-------- Dataset content

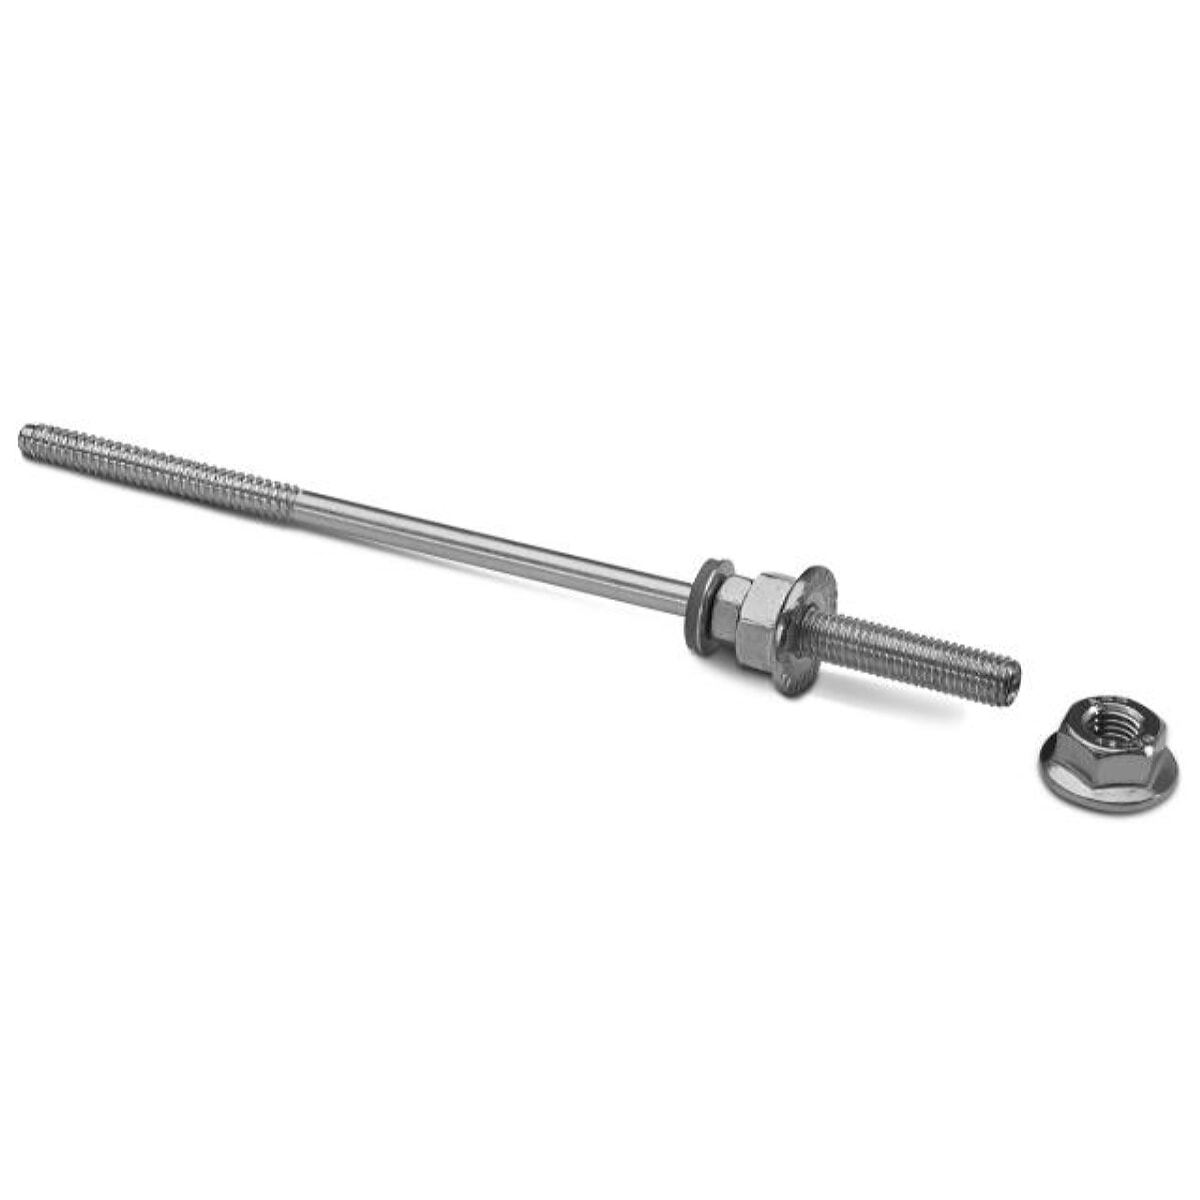 Novotegra top-fix hanger screw set SP 8.0-M10 220 mm
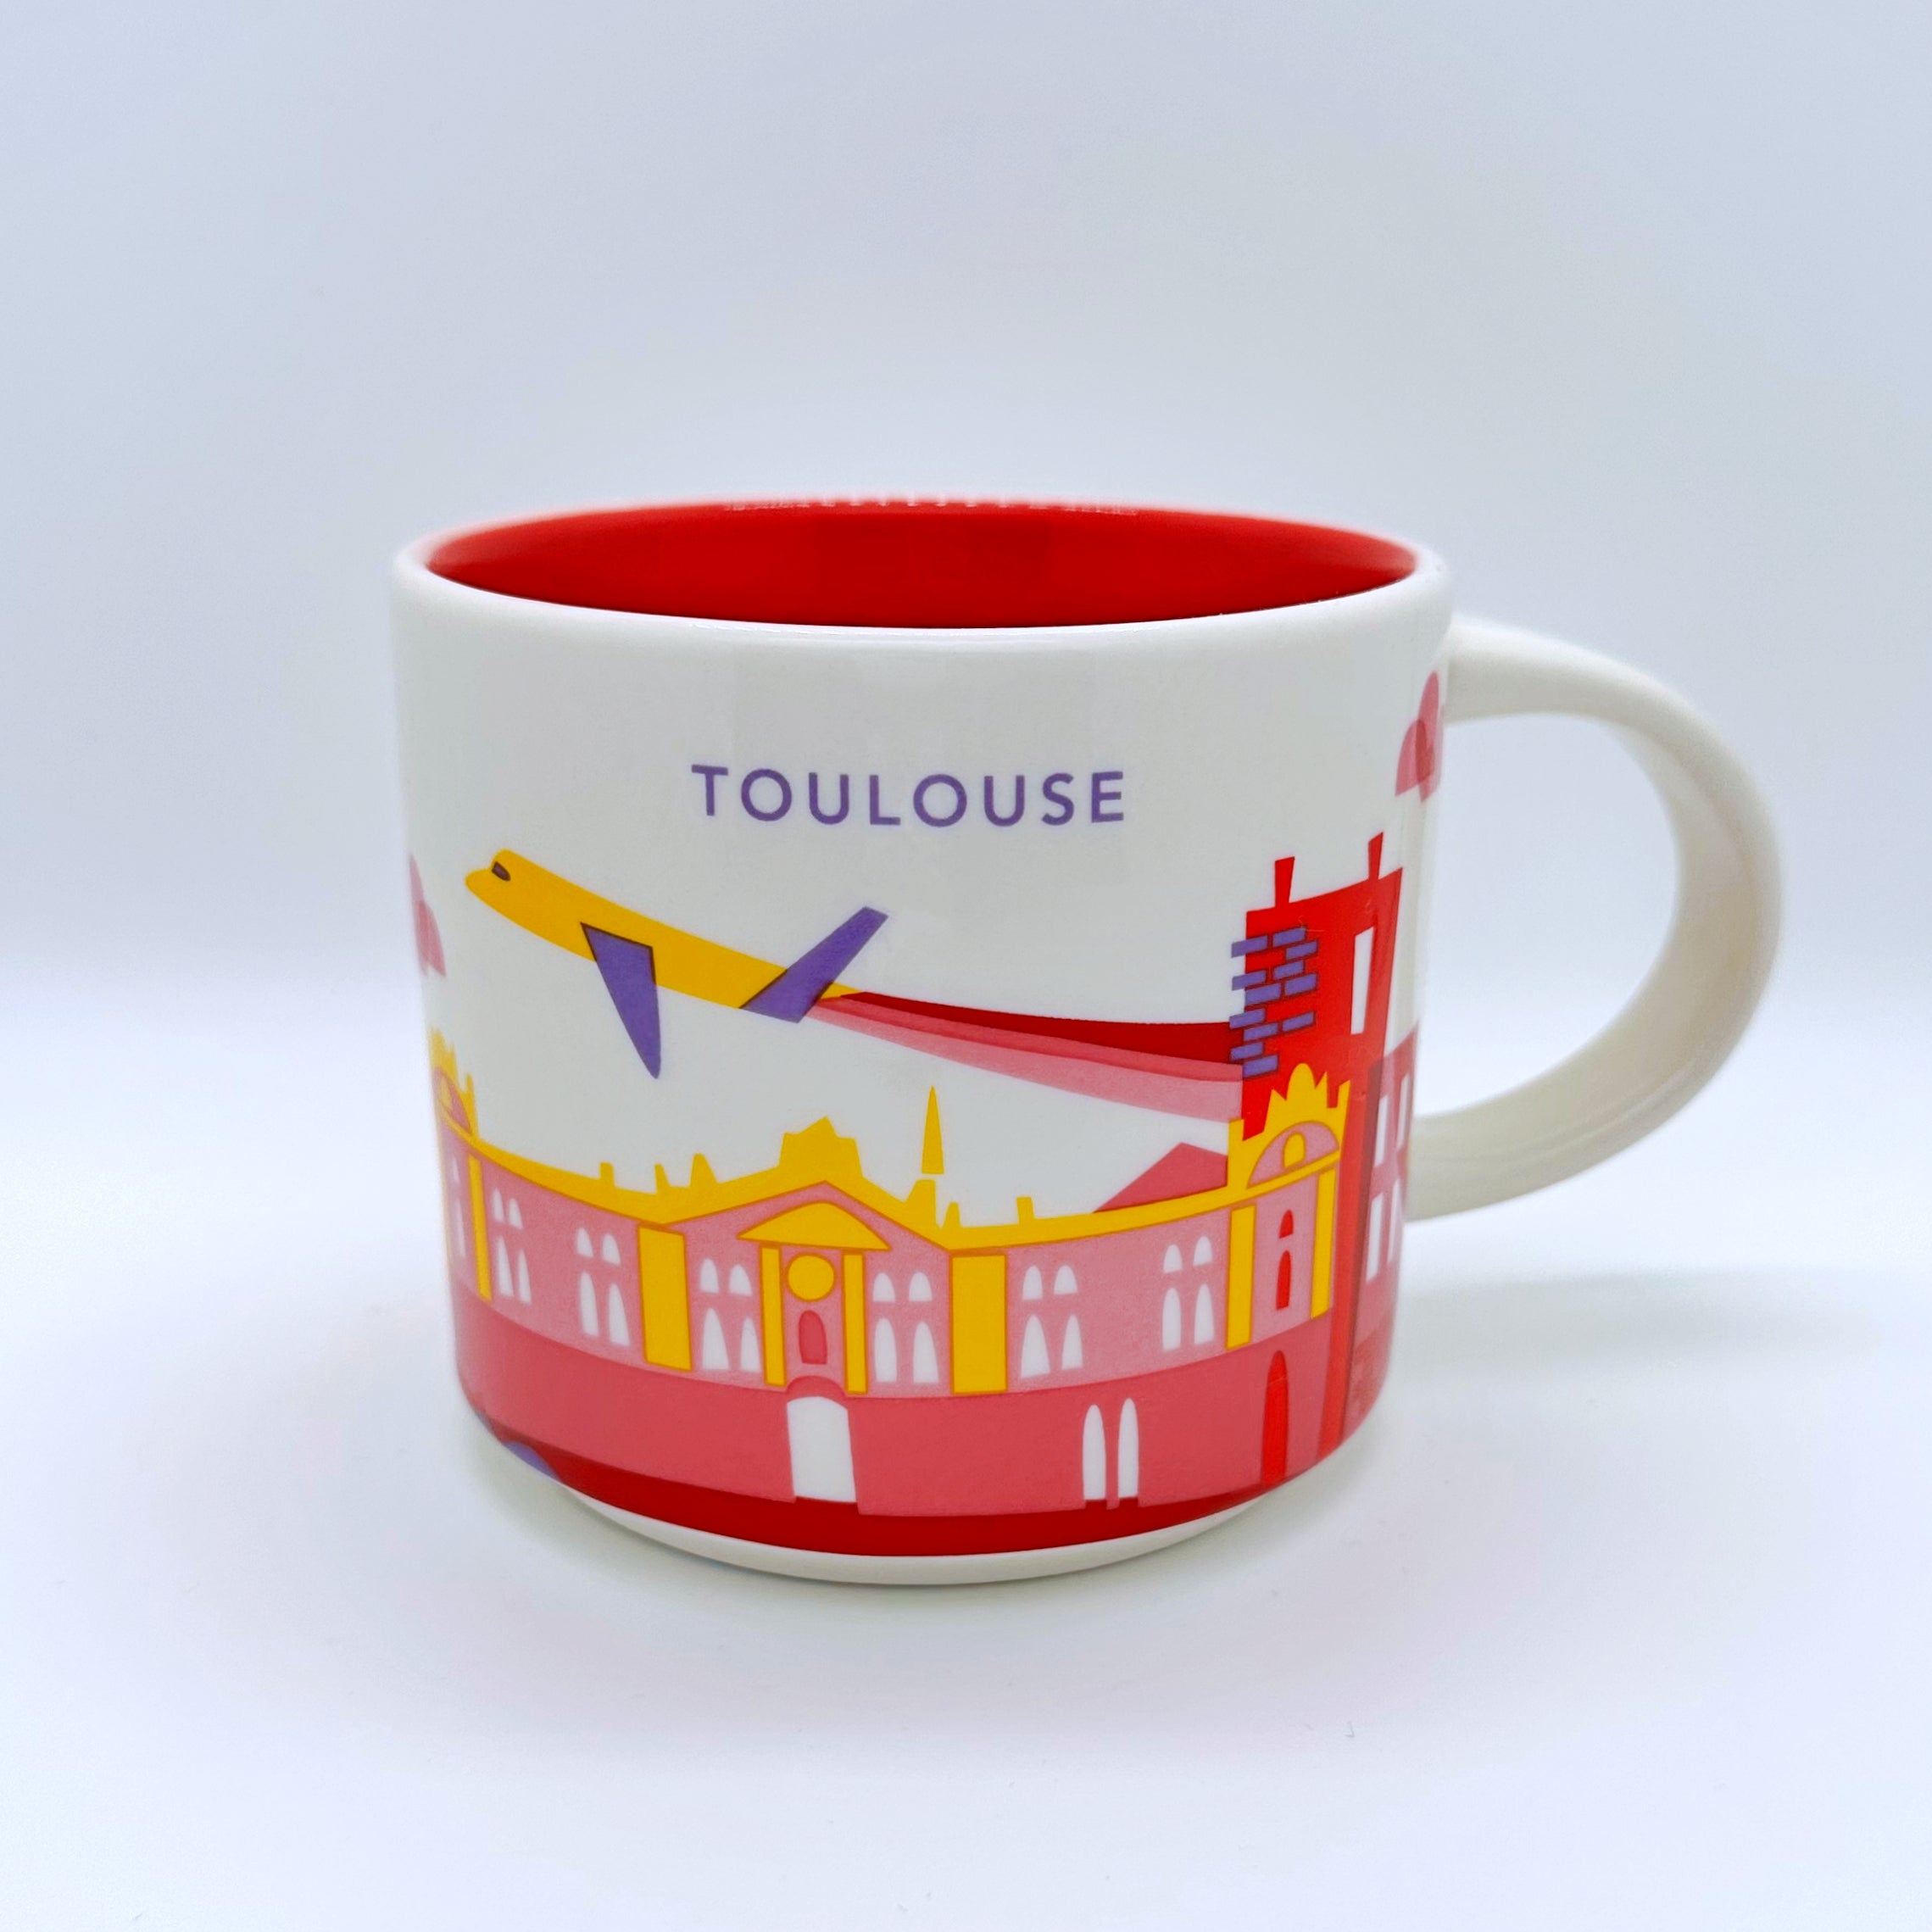 Kaffee Tee und Cappuccino Tasse von Starbucks mit gemalten Bildern aus der Stadt Toulouse
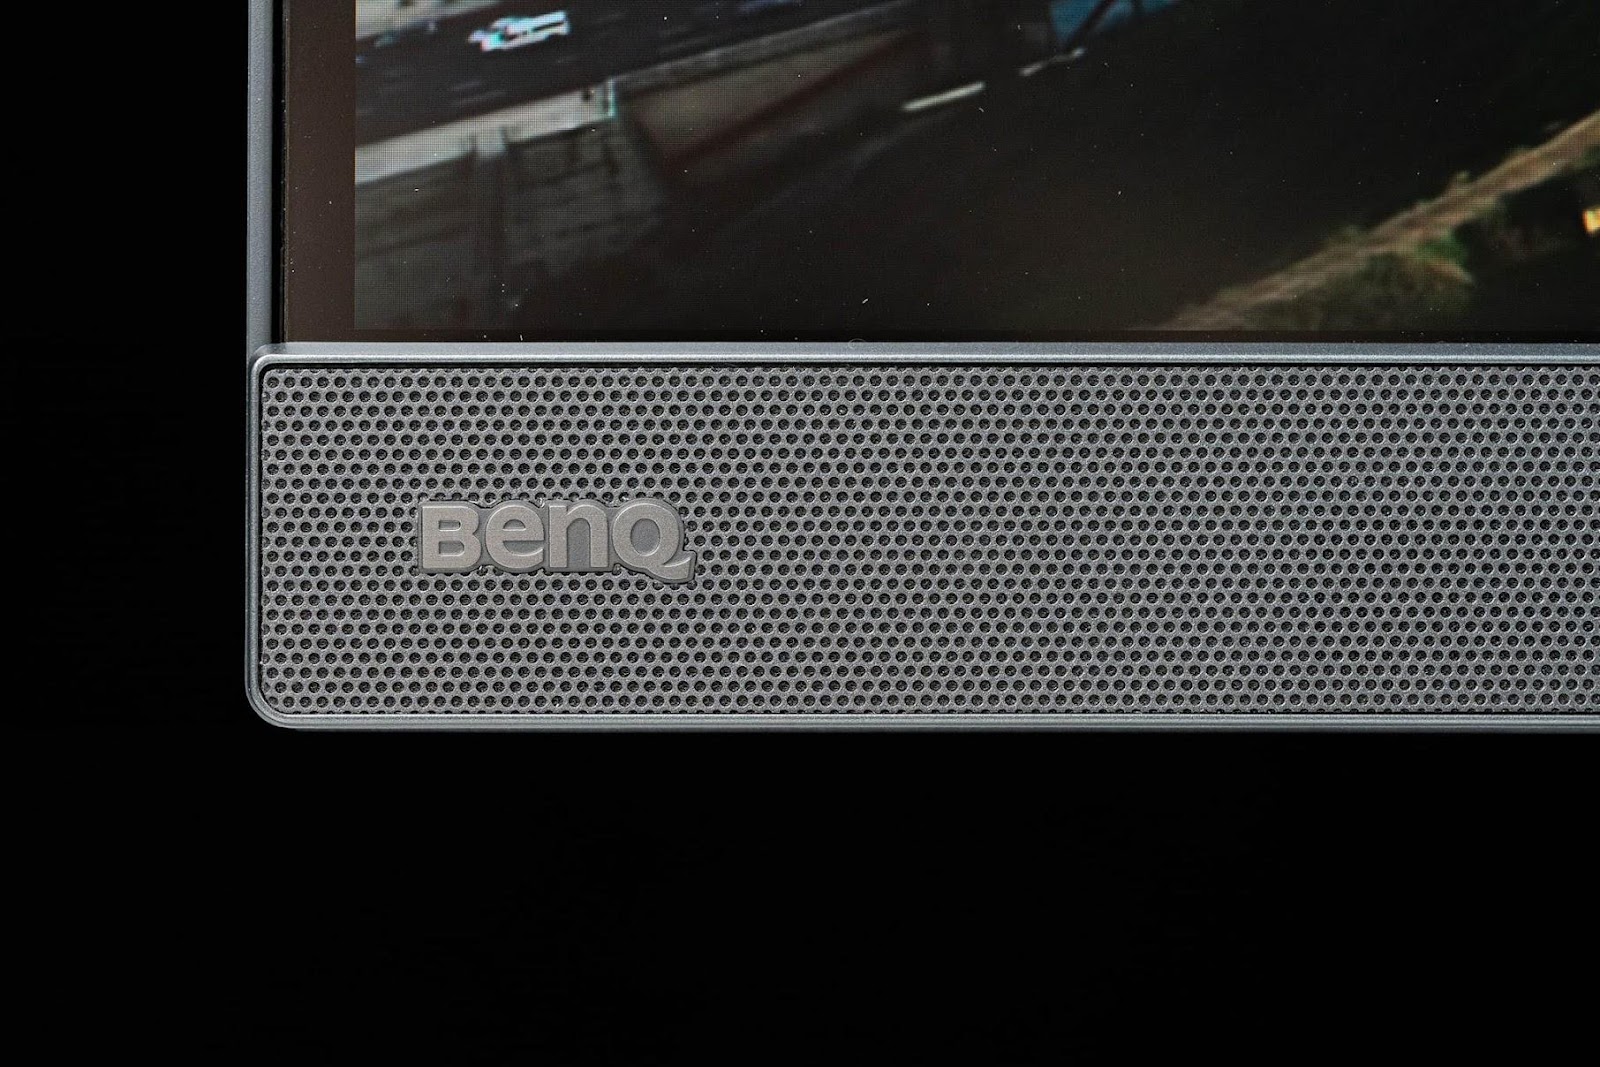 BenQ MOBIUZ EX3210U 電競螢幕 開箱心得 & 螢幕色彩模式量測 簡單分享 - 4K, 4K HDR, benq, BenQMOBIUZ, Dolby, Dolby Vision, EX3210U, HDMI 2.1, HDR, HDR螢幕, MOBIUZ, PTT, 科技狗, 螢幕, 開箱, 開箱評測, 電競螢幕, 體驗 - 科技狗 3C DOG

----------------

An exact copy of the lines from the line containing "Kaffee Tee und" through the final line of the listing, without pictures, is the expected result.

 Kaffee Tee und Cappuccino Tasse von Starbucks mit gemalten Bildern aus der Stadt Toulouse
 BenQ MOBIUZ EX3210U 電競螢幕 開箱心得 & 螢幕色彩模式量測 簡單分享 - 4K, 4K HDR, benq, BenQMOBIUZ, Dolby, Dolby Vision, EX3210U, HDMI 2.1, HDR, HDR螢幕, MOBIUZ, PTT, 科技狗, 螢幕, 開箱, 開箱評測, 電競螢幕, 體驗 - 科技狗 3C DOG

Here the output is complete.